Wordclouds (and multiple processes) are fun
Let's say you're writing a browser toy, to display what people say in their important #beer tweets. On the server you want to scan Twitter for #beer, and store the tweets. On occasion, a browser will fetch the list of words, then display most recent related words in those tweets as a word cloud.
To reduce complexity you don't want to add any extra packages, which might be untested and/or sketchy. What do you do with a standard "batteries included" Python? You use multiprocessing!

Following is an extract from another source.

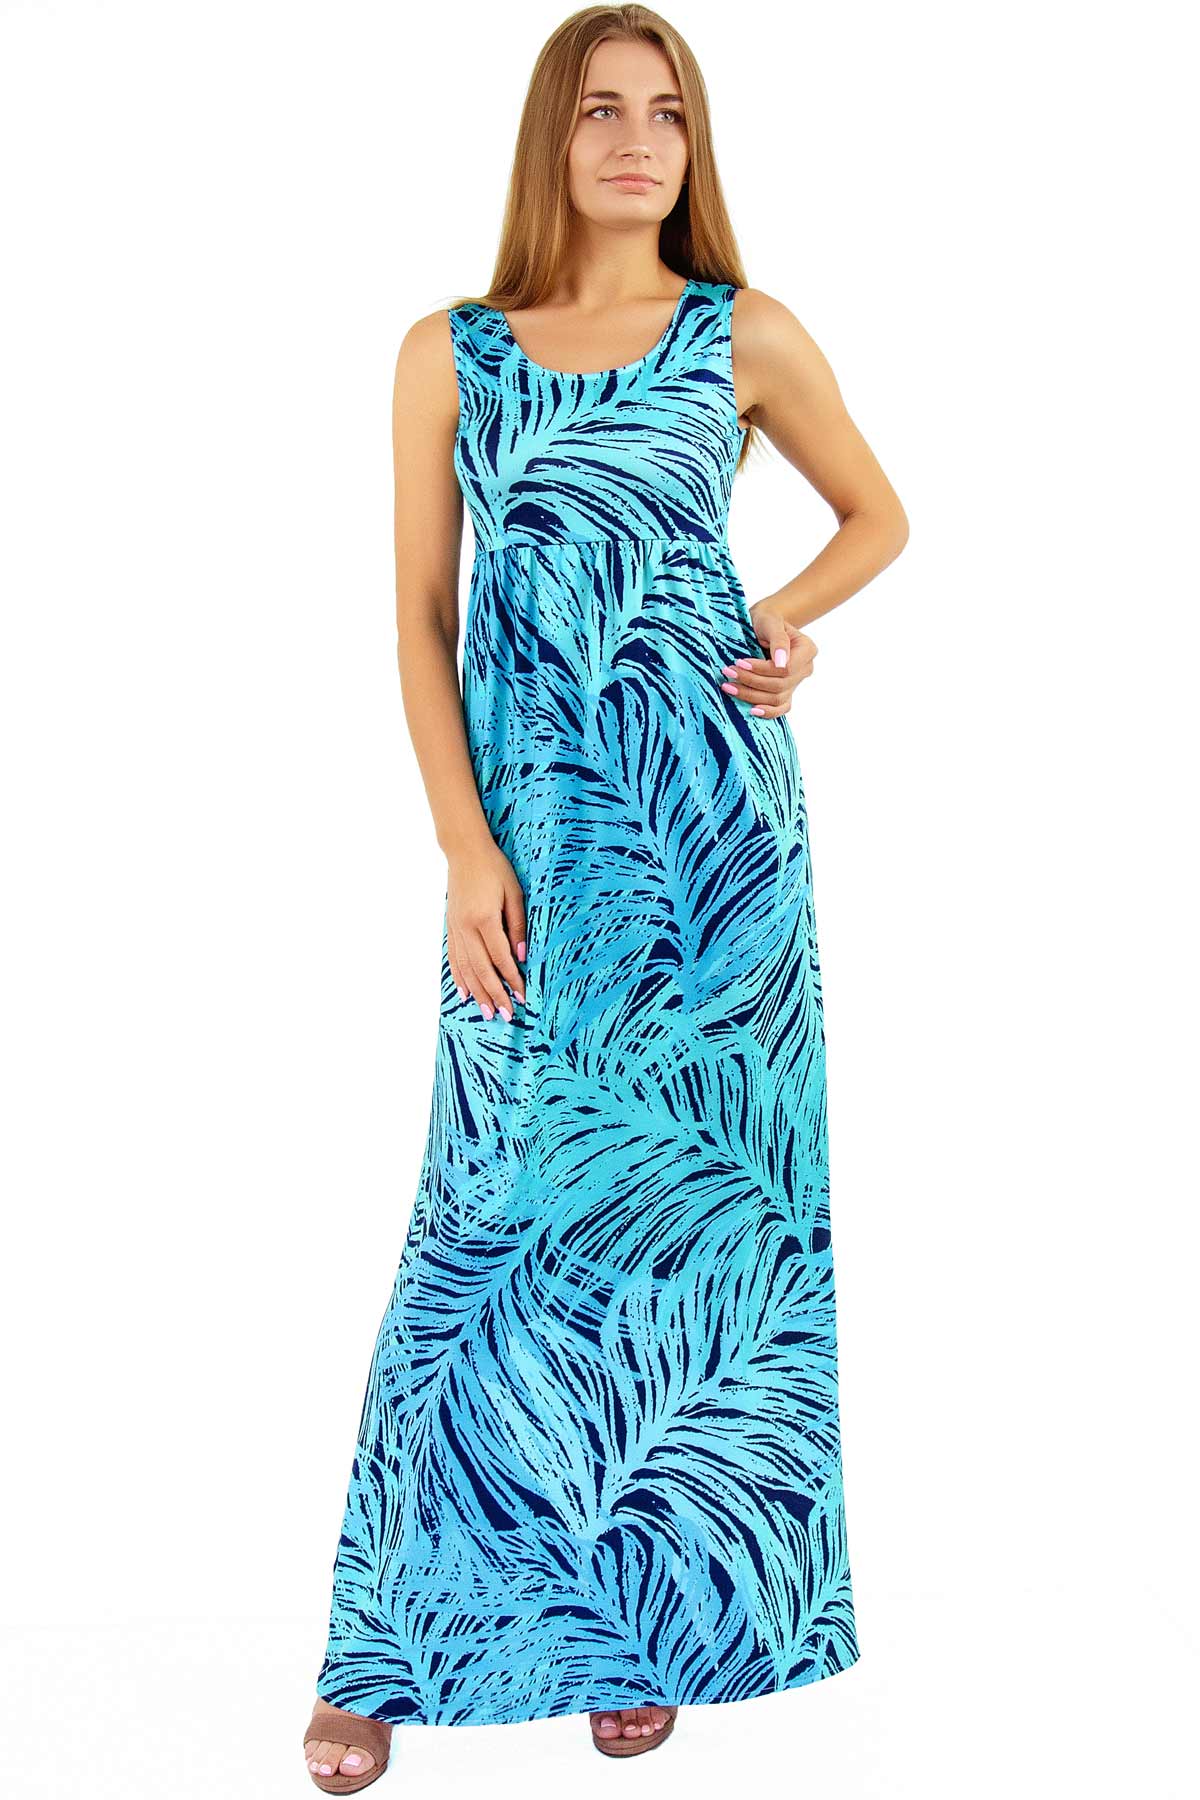 Tropical Dream Bella Palm Leaf Print Beach Summer Maxi Dress - Women - Pineapple Clothing

The multiprocessing module lets you write programs as a system of a connected processes. In this case, one is a producer: it does work then pushes information to list of tweets, shared in the system. Another process is a consumer: it waits for data from producer, then processes it for display on a browser in a pretty word cloud.
Server programming: log early and often
Without writing asynchronous code it's hard to do a lot of I/O in a single Python process. By splitting up your project into multiple tasks, each with its own process, each task can run on a separate CPU in parallel. The multiprocessing module helps us start and stop proceses, and communicate data back and forth.
It's better to have too much logging than not enough. Your Operations people don't understand your code. If they see overall system problems it's easier for them to sift out the irrelevant logging messages, rather than add more logging into a complex system.
Log early, log often -- you and your operations people will love you for it.
This post was inspired by Playing with REALTIME data, Python and D3 by Brett Dangerfield. His code actually scans Twitter and does the word cloud display.
If you're even curious about Python, run don't walk to get Python Cookbook by David Beazley and Brian K. Jones. I've been programming in Python for 15 years and learn new tools and techniques from every chapter!
In modern Python3, take a look at the more graceful concurrent.futures solution.